Now in this week's three chapters while Marianne could not relate as she wouldn't be able to understand or give their significance--as in Lucy's "'Are you ill, Miss Dashwood?--you seem low--you don't speak;--sure you an't well.'" (Penguin 202); nonetheless in this week's chapters we have such bitter scenes of the unkind Dashwoods & mean shameless Mrs Ferrars, the tasteless Middletons, the childishly obtuse Mrs Jennings, the in a way painful Palmer relationship that if these scenes are read in a serious tone, they make one's flesh creep. It could very well be through Marianne's eyes that we saw Mrs Ferrars insult Elinor's drawing. It is Marianne after all who becomes enraged at Mrs Ferrars and boldly says who cares for any Miss Morton; it is Elinor we care for. Or ought to.

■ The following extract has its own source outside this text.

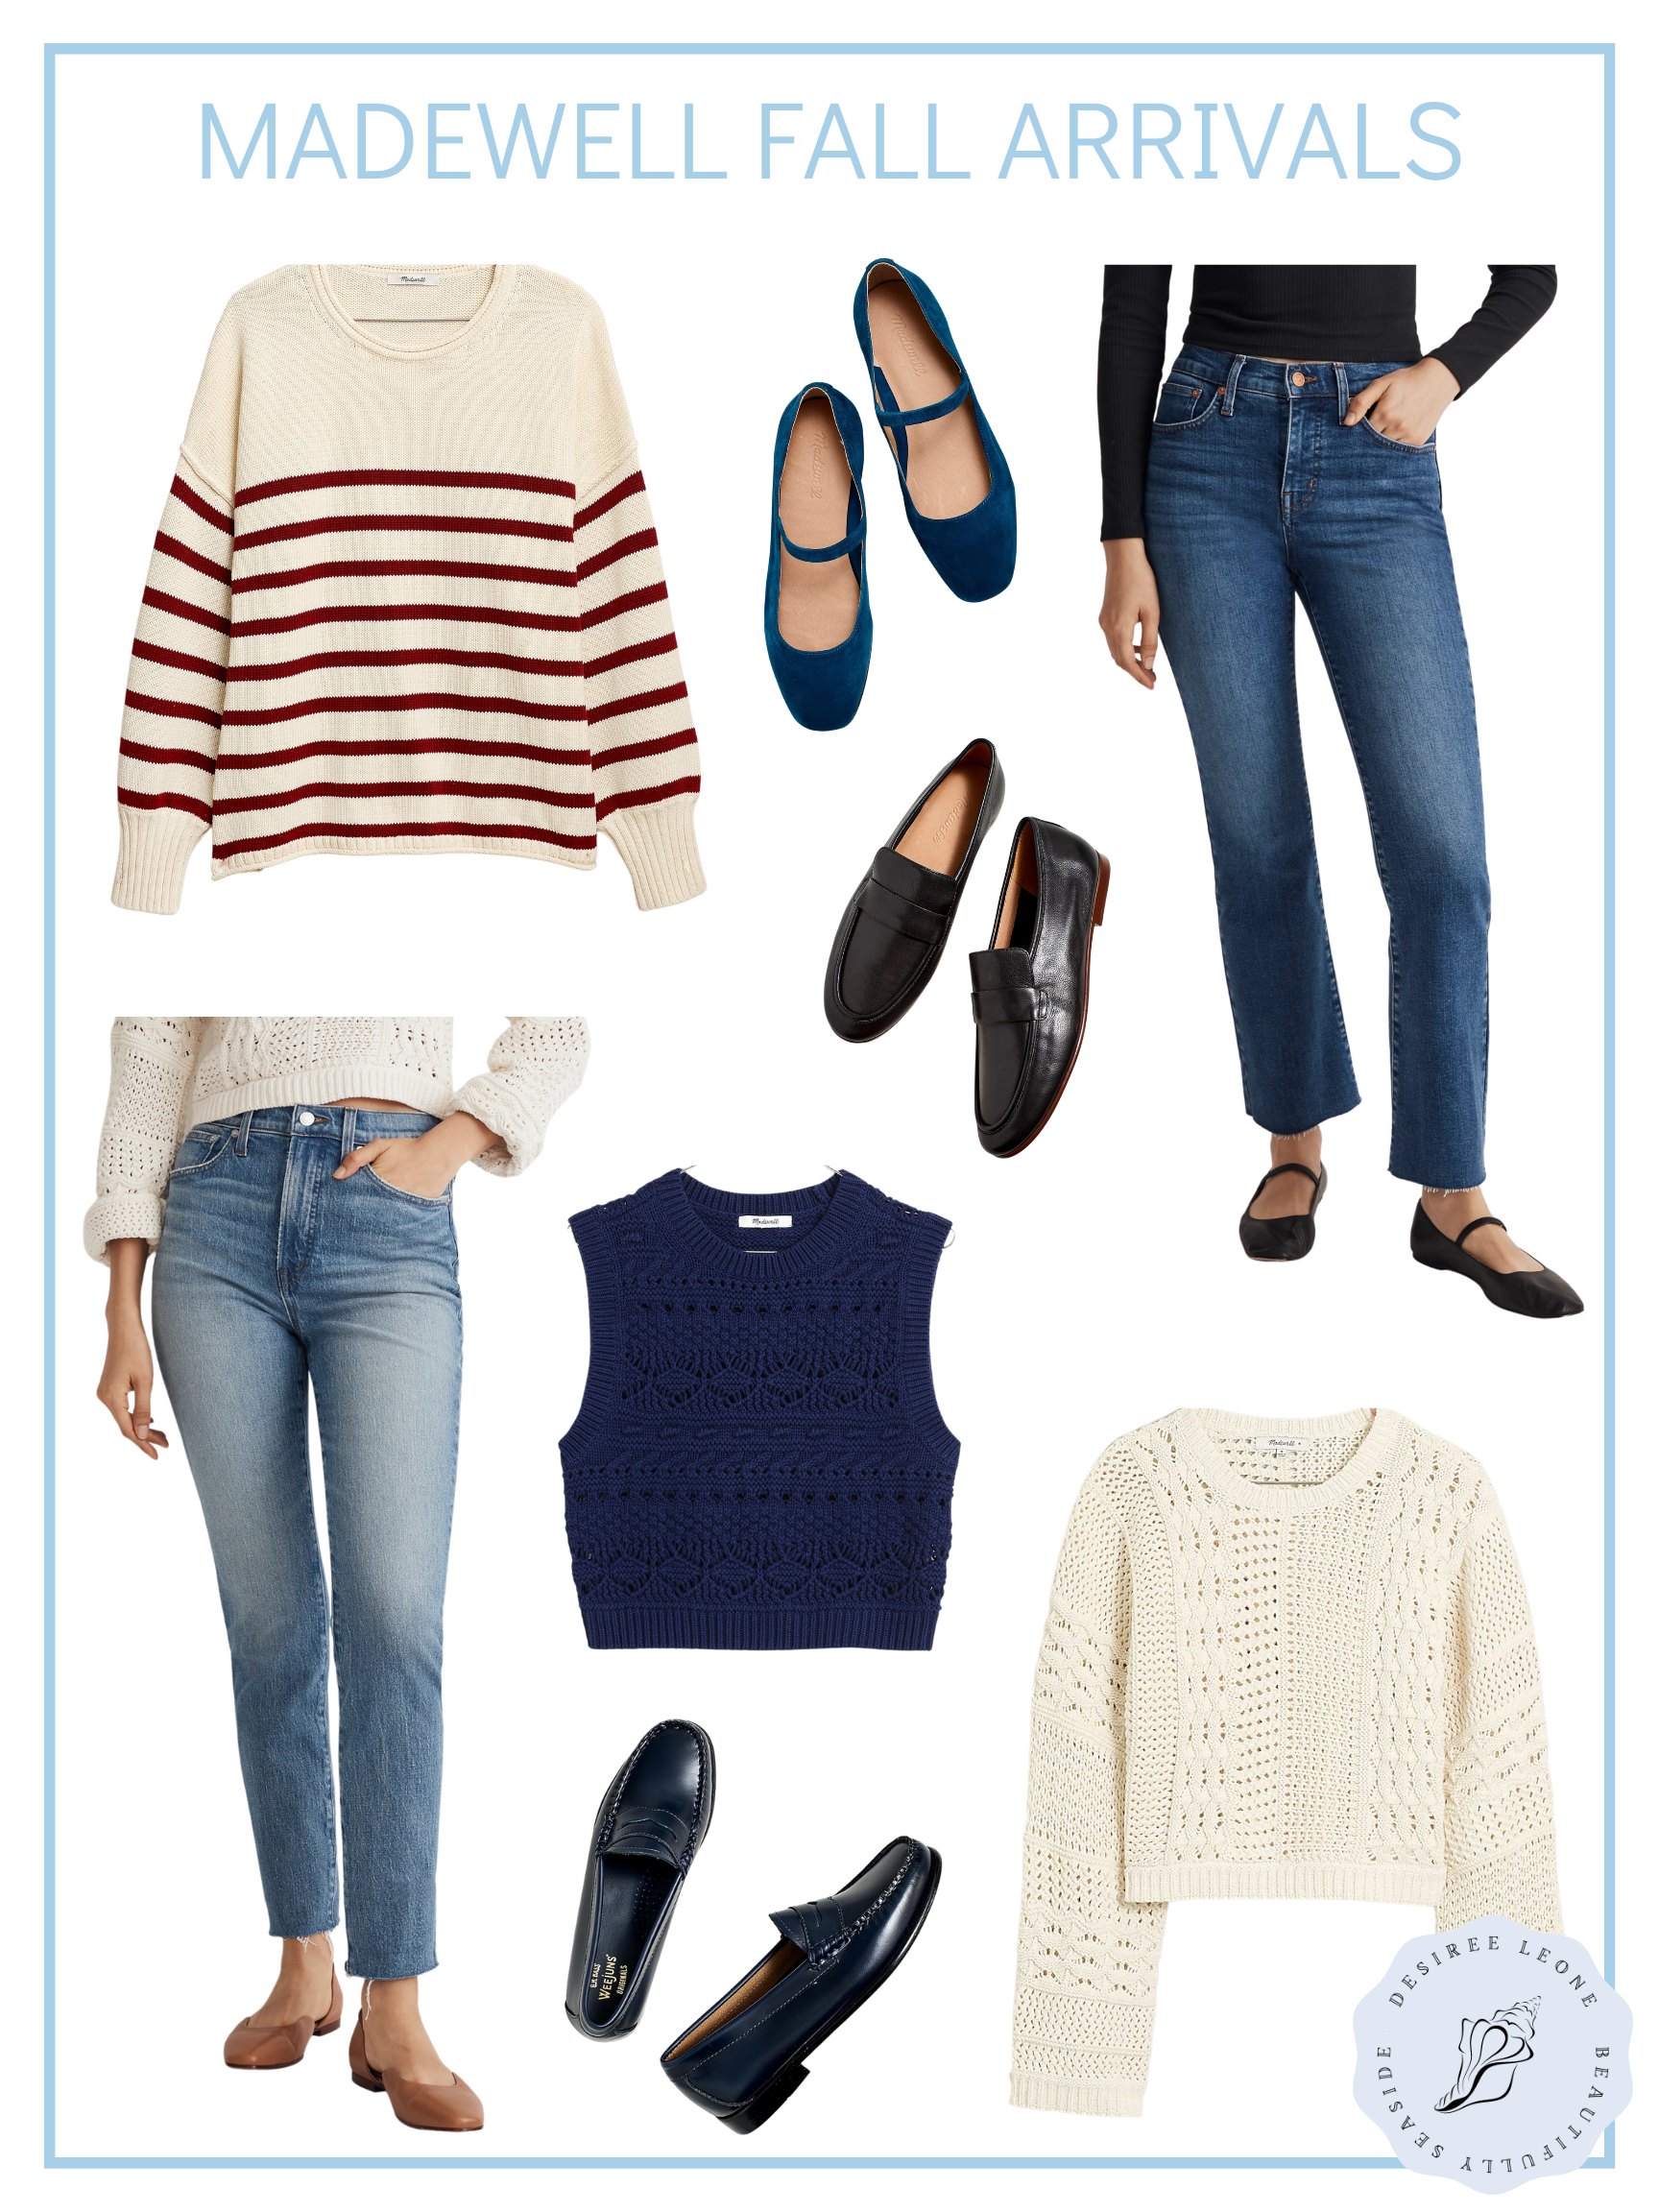 Desiree Leone of Beautifully Seaside is embracing cozy style this fall with these new arrivals at Madewell.

A comparison of Jane Bennet and Marianne is revealing. If Marianne is to be seen as the candid interpreter and sincere and earnest, some of the material which might seem appropriate to Elinor in the book could have come from Marianne's pen. However, Jane is like Elinor in that both see the ugliness of life and turn away from it, Jane in pain and Elinor in stoicism. Jane's way is to talk up the good. Elinor's is to be silent.

Two thoughts: Much in the present S&S can only be fully accounted for by the present 3rd person omniscient narrator, but there is much left over from the original Elinor and Marianne. Austen's nephew, James Edward-Austen Leigh wrote that the earliest of Austen's writing may be found in the extant Sense and Sensibility.

The other: what a exciting story this first novel is in a way. So much is doing. That's why I think the movie works so well. Compare it to the movie of Persuasion or text of Emma. Less is happening; the two latter are more diurnal, more realistic. But we have several stories going here with duels and pregnancies and spunging houses and flights to India in one, deep pain and betrayals in the other two, yet a third couple, the Dashwoods (I hesitate to think Charlotte would have turned into a Fanny Dashwood when Mr Bennet died, but one can never predict these things...), not to omit the Palmers, with Mrs Palmer's childbed appearing ironically in just the way such things appear in the world, for that's all the world cares for, the paragraph in the newspaper telling that the Palmers as a family have a male heir. I know this first novel has never been a critical favorite, but readers have liked it all along; like P&P it has always been well-known; there's a lot here.

Isabel Armstrong speaks of 2 revisions, and others speak of a first novel long under consideration or apparently being written during the first half of the 1790's and then revised and revised, we have to take into account that an enormous amount has been changed, sifted, altered, rearranged, replotted, disguised.